Parts of the ooni-pipeline are using datetime.fromtimestamp instead of
datetime.utcfromtimestamp. It means the timestamp will be parsed
differently according to the time zone in which the code is run:
https://github.com/TheTorProject/ooni-pipeline/blob/355ac1780f1f05eefb9ea3b…
entry['test_start_time'] = datetime.fromtimestamp(entry.pop('start_time',
0)).strftime("%Y-%m-%d %H:%M:%S")
https://github.com/TheTorProject/ooni-pipeline/blob/355ac1780f1f05eefb9ea3b…
start_time = datetime.fromtimestamp(header.get('start_time', 0))

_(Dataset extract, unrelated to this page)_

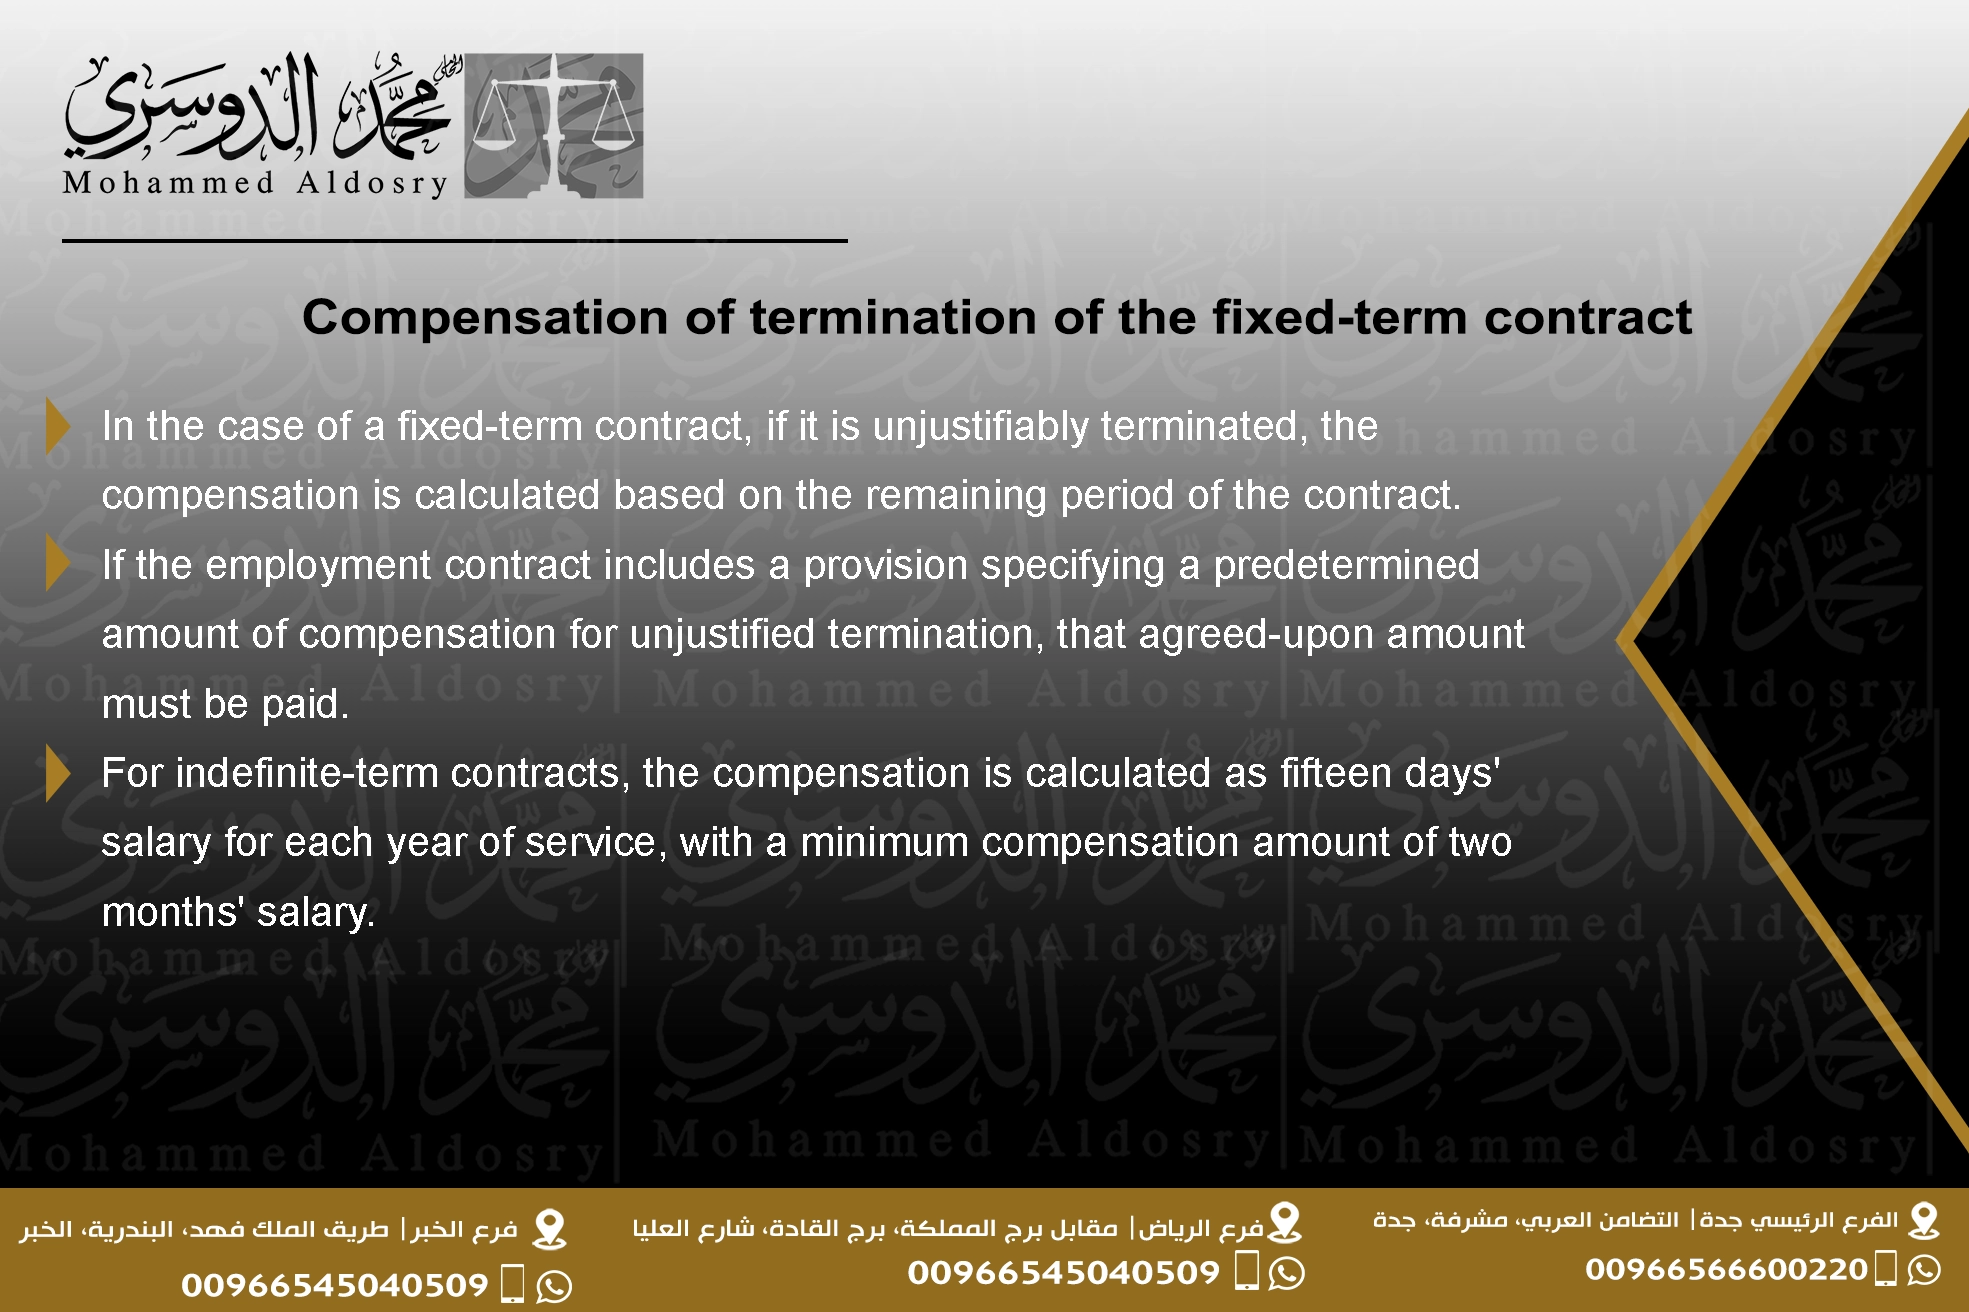 Compensation of termination of the fixed-term contract

Now, it appears that there's no actual harm done by this bug, because it
looks like the timestamps were read and written by someone in UTC+1, so
the conversion evens out in the final JSON. But it could go wrong if run
by someone in a different time zone.
I noticed this because when I process the new JSON files, I get
timestamps that are an hour different than I got parsing the YAML files.

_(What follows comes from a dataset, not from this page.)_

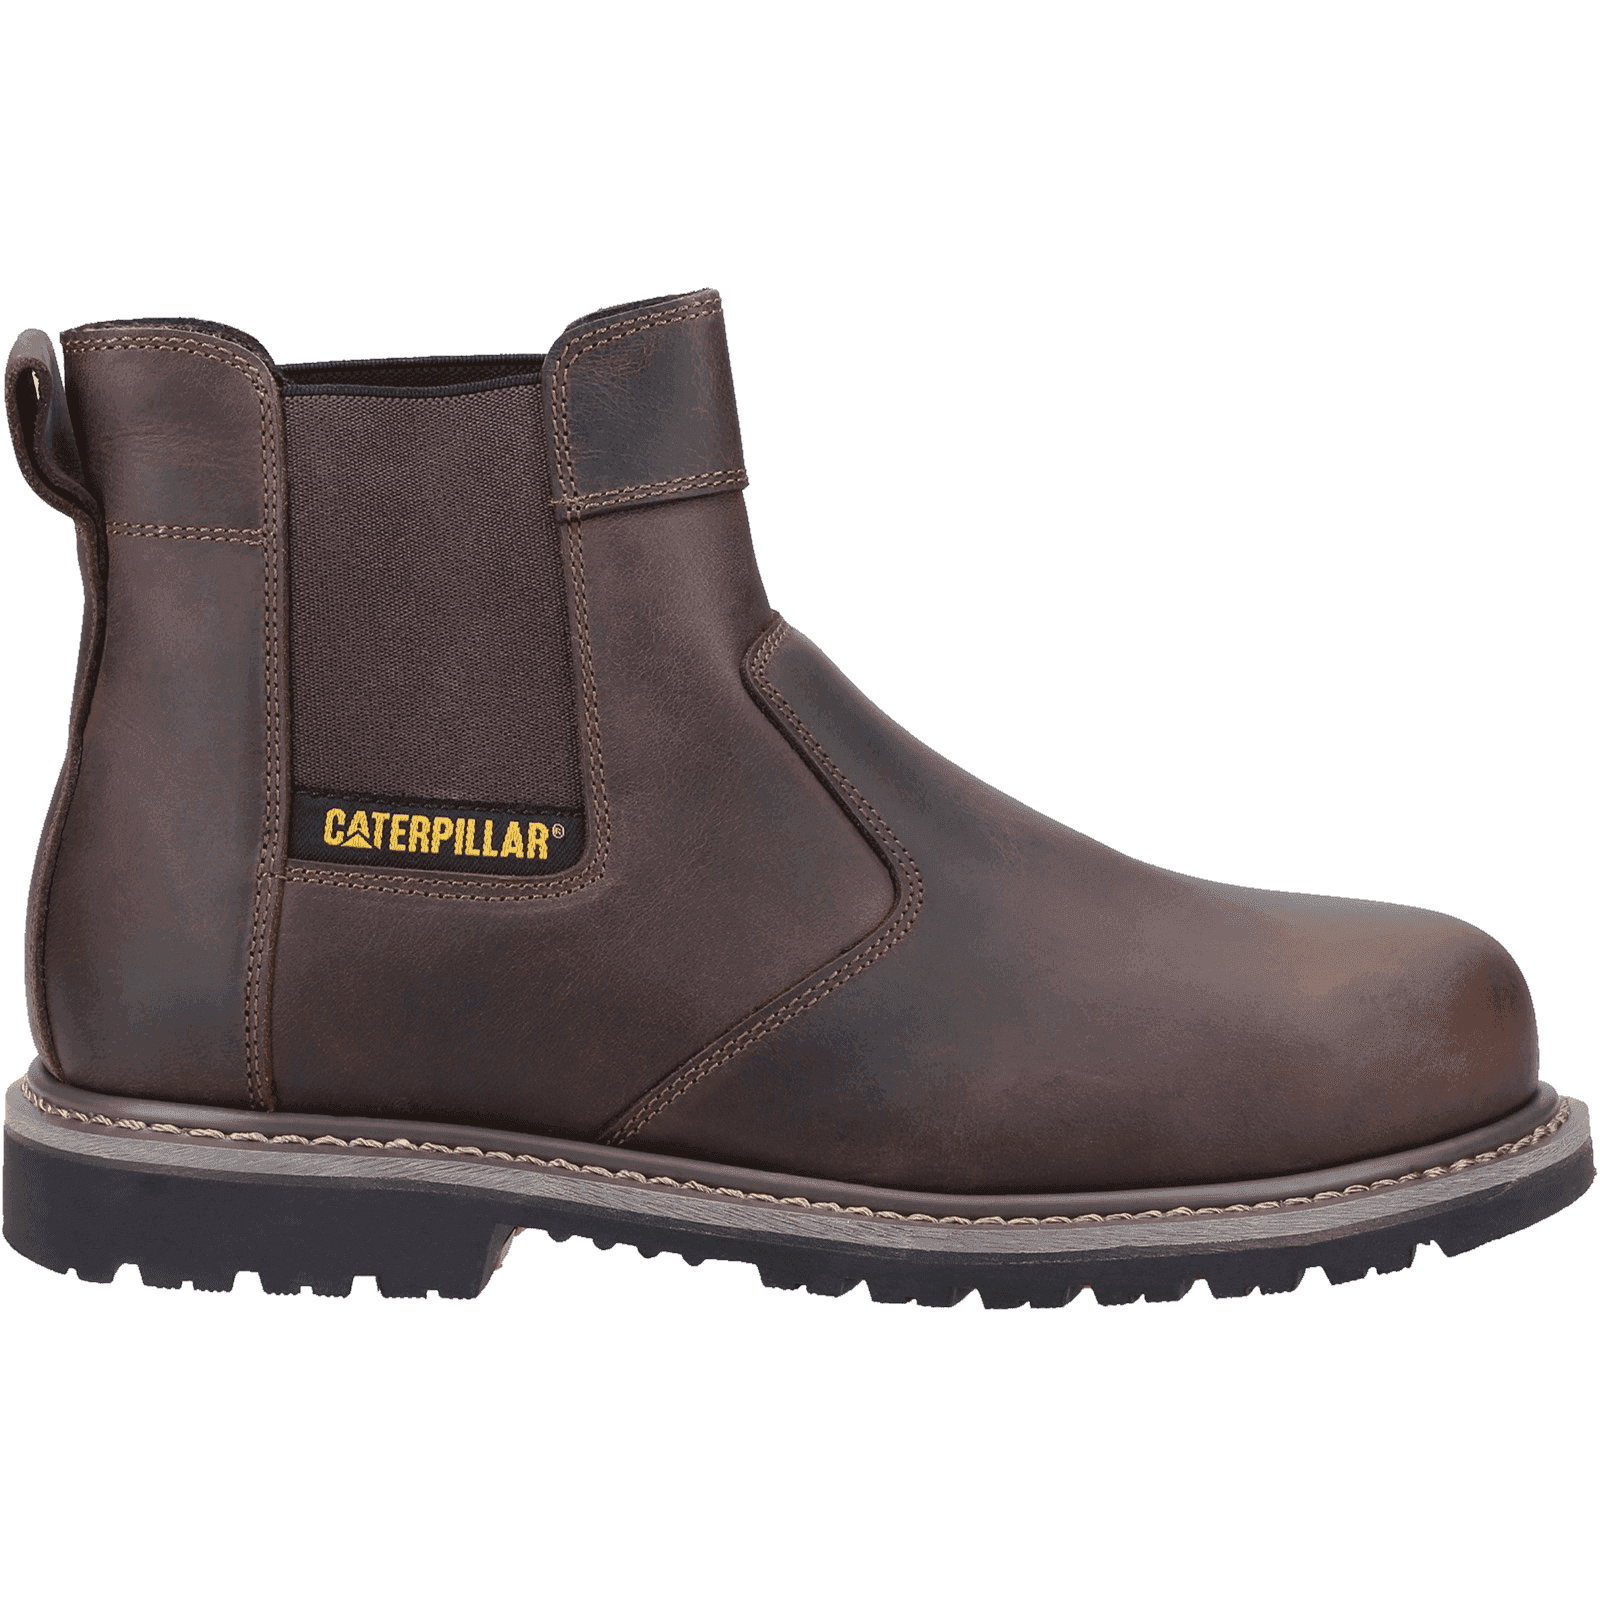 Powerplant Dealer Safety Boots CAT

To parse the JSON times, I use datetime.datetime.strptime(..., "%Y-%m-%d %H:%M:%S"),
which gives the correct answer because of the reason in the previous
paragraph. My old YAML times were off by an hour, because I used
datetime.datetime.utcfromtimestamp(...), parsing a UTC+1 timestamp as if
it were UTC.
Here's some related information I found while researching the above. It
looks like individual test results are *also* using local timestamps, or
have their clocks set wrong, or something. Because when I compare the
"test_start_time" field to the "Date" header (which is always supposed
to be UTC) in a response to an http_requests test, I get some widely
divergent values (I saw up to around 9 hours).
For example consider
https://measurements.ooni.torproject.org/2015-01-01/20150101T060029Z-BE-AS2…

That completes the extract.